Finally, substitutions carry their own order, separate from the broadcast orders on dimensions and rows. We use the pure substitution order: \sigma_1 \leq \sigma_2 iff there is some u with u \circ \sigma_1 = \sigma_2. Reading: \sigma_2 is reached from \sigma_1 by further substitution — by committing more variables. This is the order in which “principal” will be defined.
Constraints
Inference reduces a program to a set of constraints over these terms. Atomic constraints come in two relations over each sort: t_1 = t_2, \qquad t_1 \sqsubseteq t_2, \qquad R_1 = R_2, \qquad R_1 \sqsubseteq R_2. A program elaborates to a set \Phi of these. The two relations have distinct origins and distinct meanings:
- Equality constraints come from operations that
demand exact matching — einsum contractions, where an axis labeled
kin the spec must be the very same axis as the one at the corresponding position in the operand. No broadcasting is permitted; the template binds the operand axis exactly. - Inequality constraints come from operations that permit broadcasting — pointwise arithmetic, composition — where a smaller operand may broadcast up to a larger. We orient them so that R_{\text{sub}} \sqsubseteq R_{\text{super}}: the sub-tensor (the operand that may be broadcast) is below, the super-tensor (the result it must fit) is above.

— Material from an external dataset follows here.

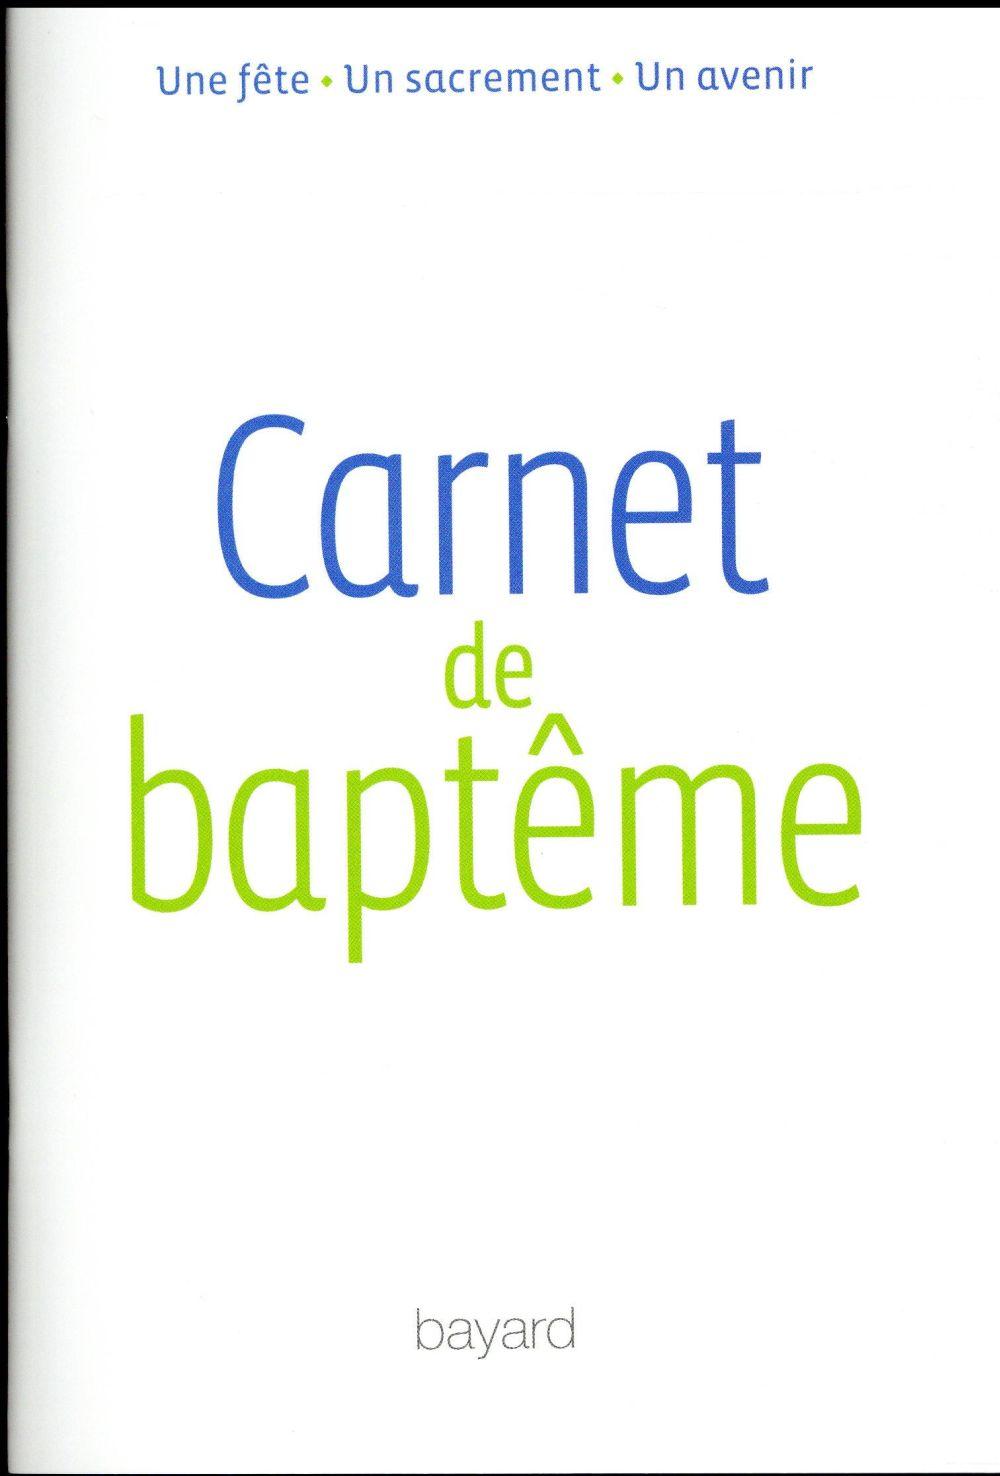 CARNET DE BAPTEME

A substitution \sigma models \Phi, written \sigma \models \Phi, when every extension of \sigma that grounds the remaining free variables makes \sigma(\Phi) a true variable-free statement: each equality a syntactic identity of rows, each inequality a true instance of the row order. The free variables in \sigma(\Phi) are universally quantified — \sigma can leave some variables free and still model \Phi, provided the constraints hold for any value those variables might later take. (The payoff: the principal solution will leave free exactly the variables the constraints do not force, and that “leaving free” has a precise meaning — not “unspecified,” but “compatible with every grounding.”)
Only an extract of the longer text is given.